* [Exercise prompt]
All that belongs in the answer is the lines from the one containing "Набор для соли" to the end of the listing below, copied exactly, pictures excluded.

* [Supplied material]
------------------------------

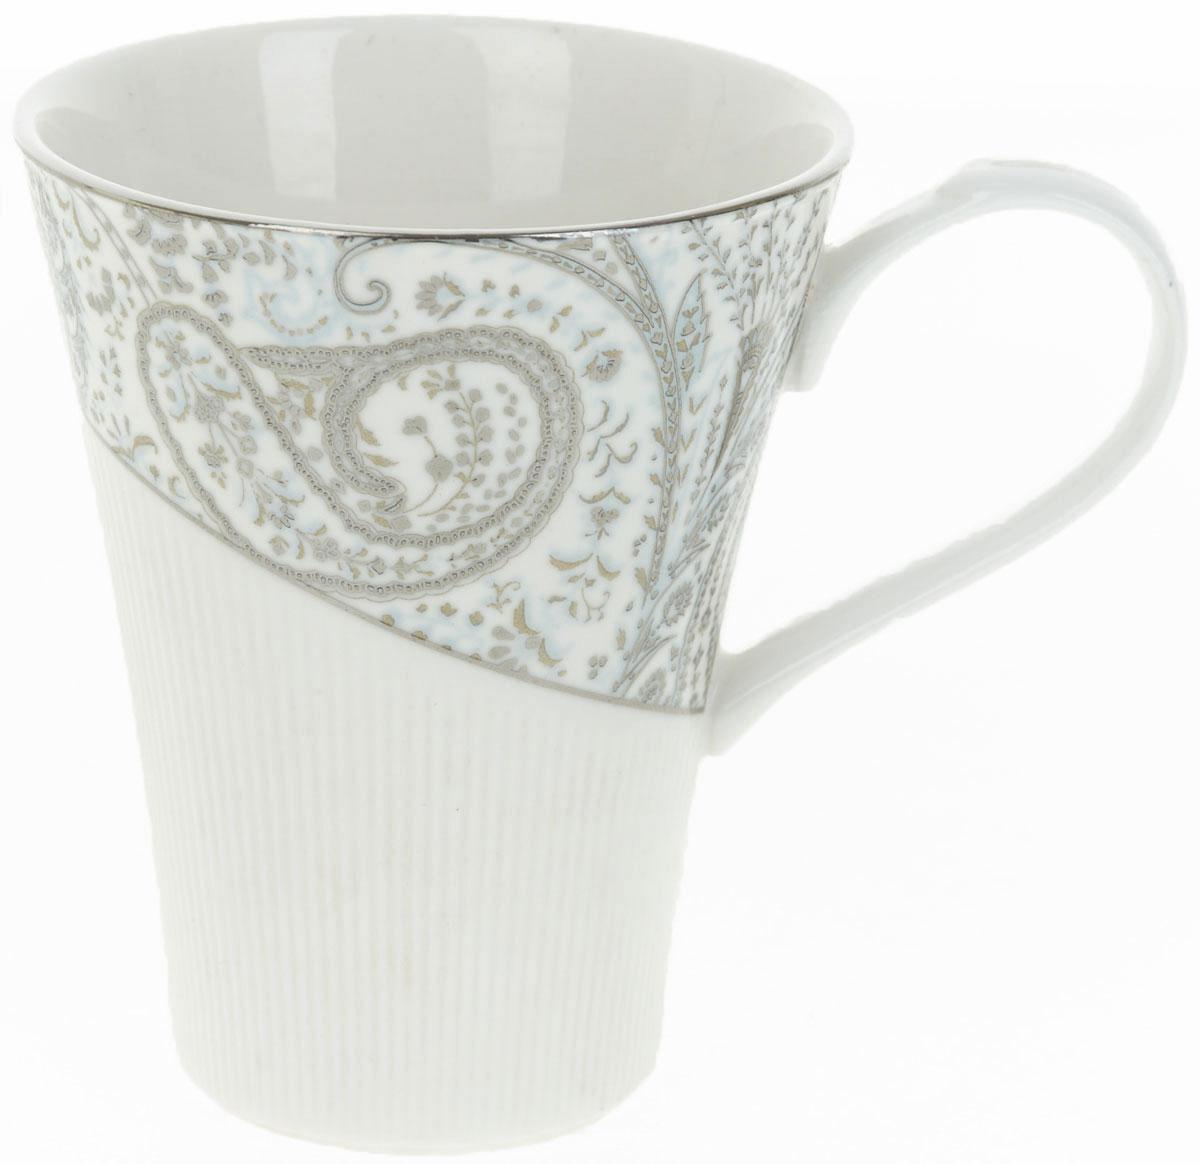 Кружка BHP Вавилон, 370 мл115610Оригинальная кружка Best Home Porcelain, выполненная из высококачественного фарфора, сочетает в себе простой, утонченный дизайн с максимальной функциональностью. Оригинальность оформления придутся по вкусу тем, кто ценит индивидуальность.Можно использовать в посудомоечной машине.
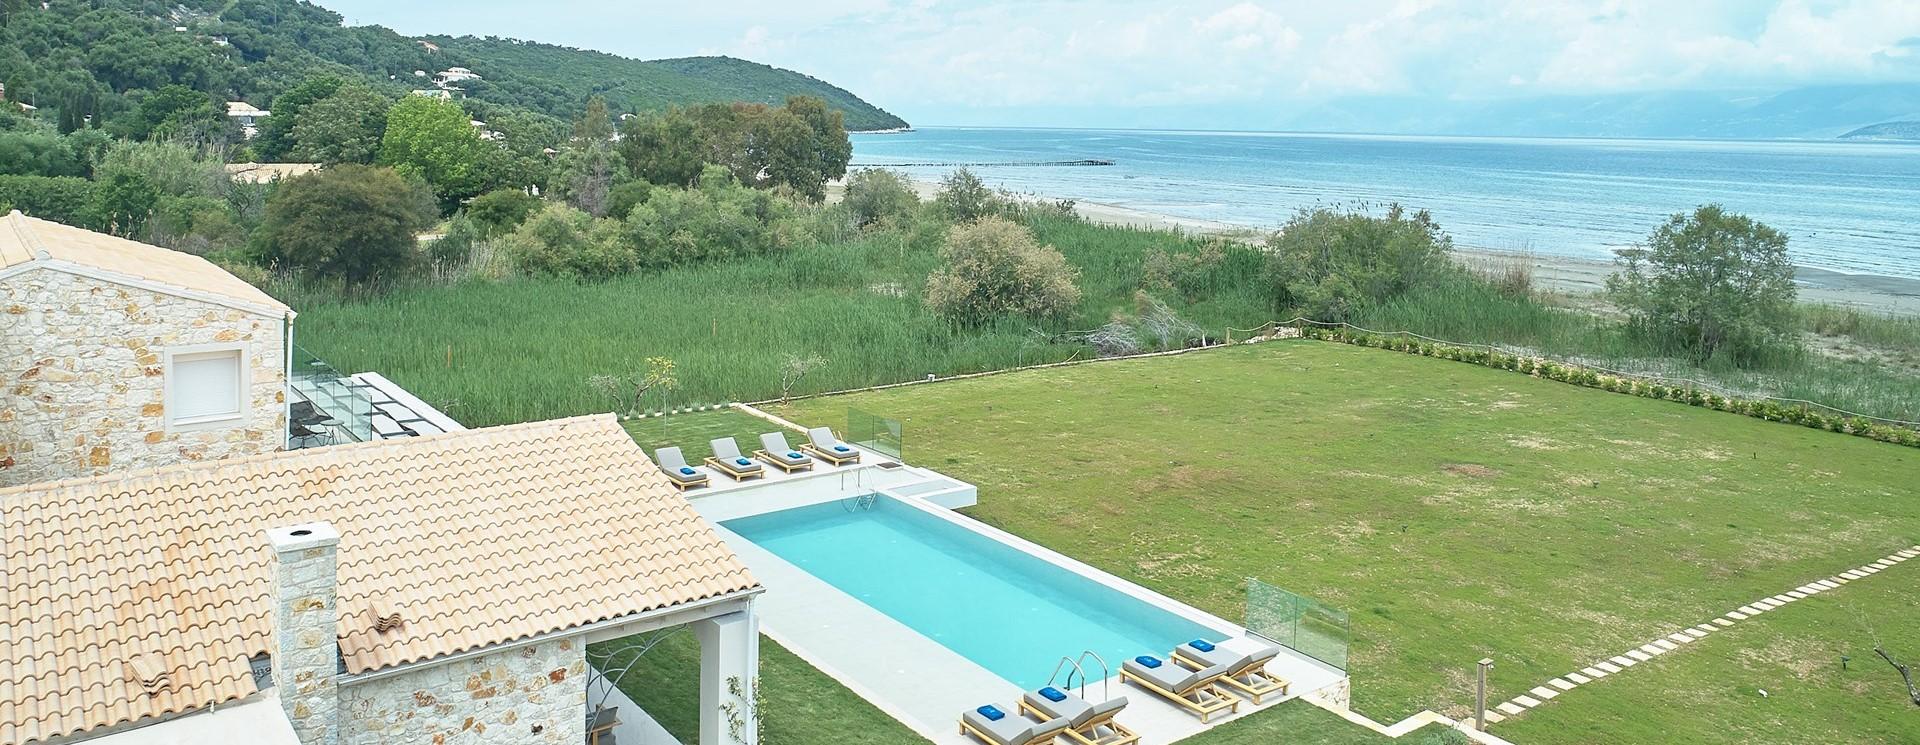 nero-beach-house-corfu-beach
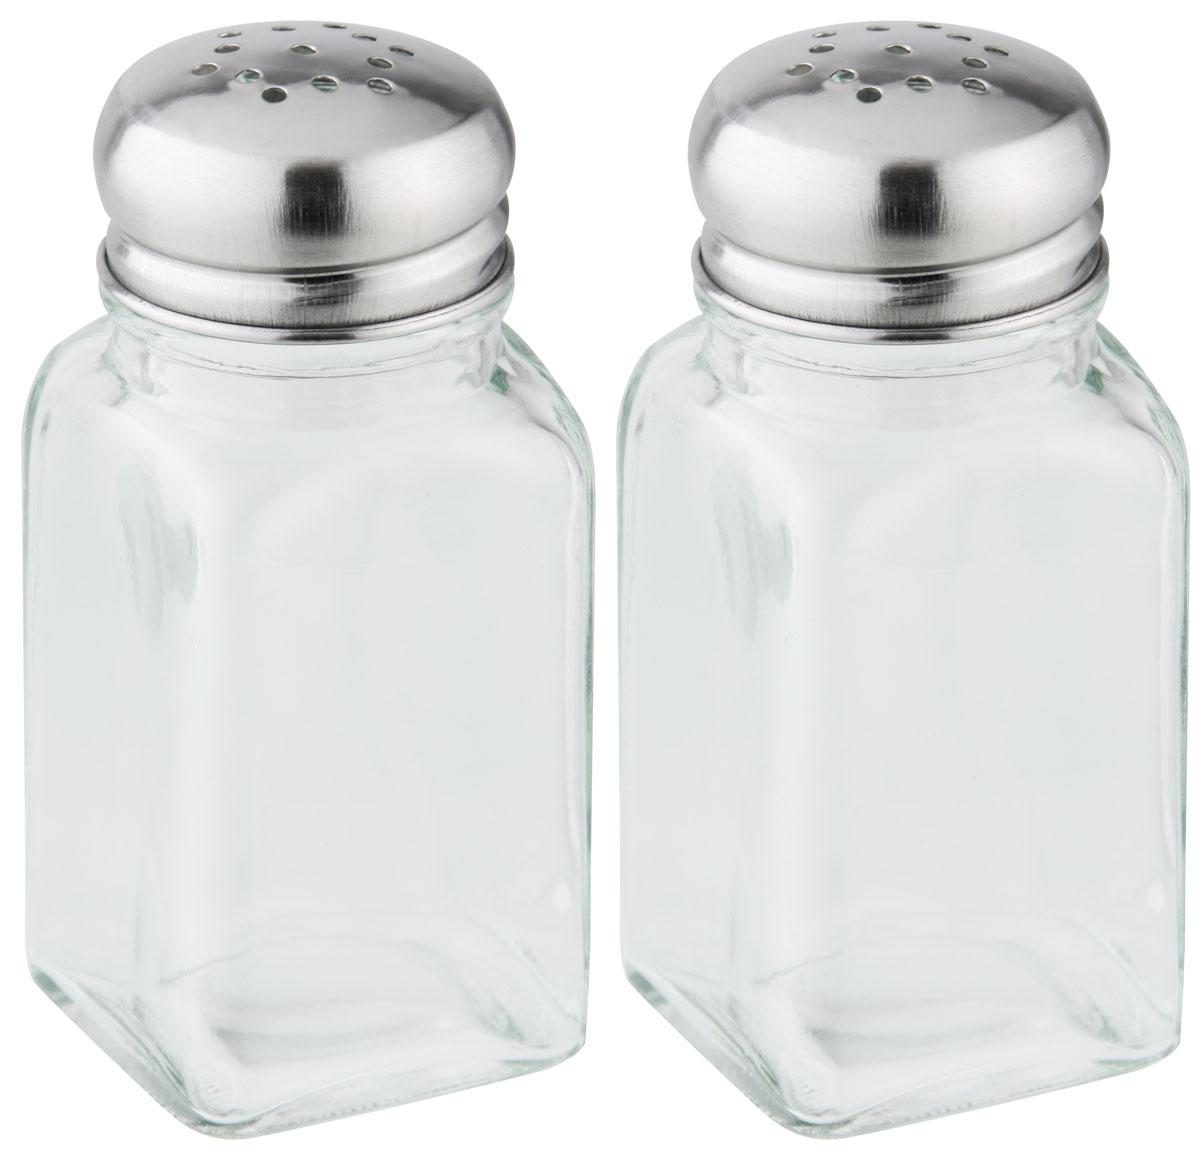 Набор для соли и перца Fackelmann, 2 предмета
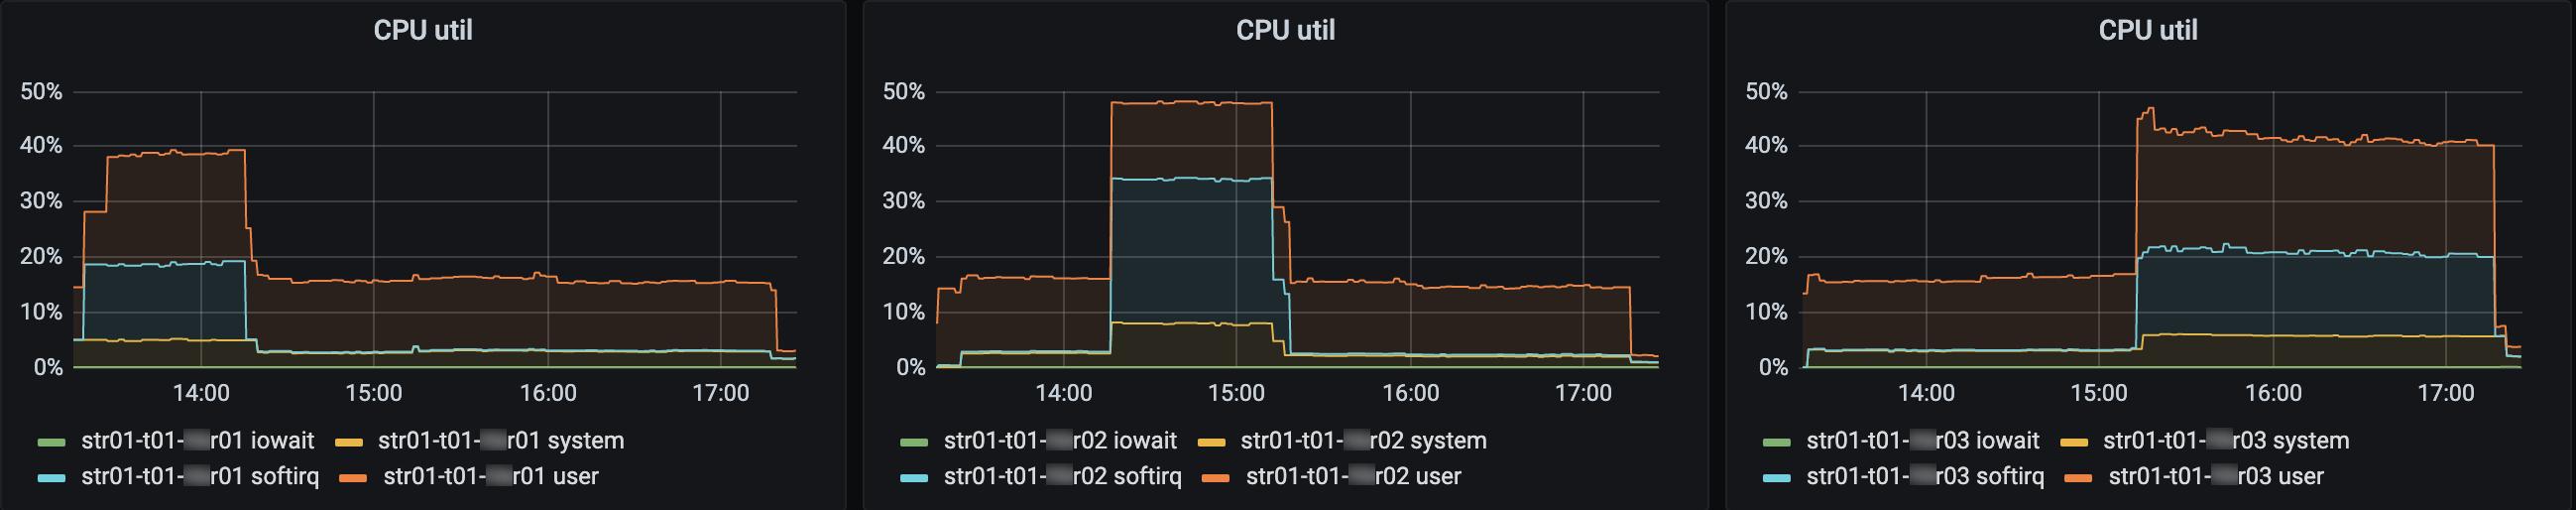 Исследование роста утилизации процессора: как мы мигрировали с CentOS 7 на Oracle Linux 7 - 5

------------------------------

* [Completed exercise]
 Набор для соли и перца Fackelmann, 2 предмета
 Исследование роста утилизации процессора: как мы мигрировали с CentOS 7 на Oracle Linux 7 - 5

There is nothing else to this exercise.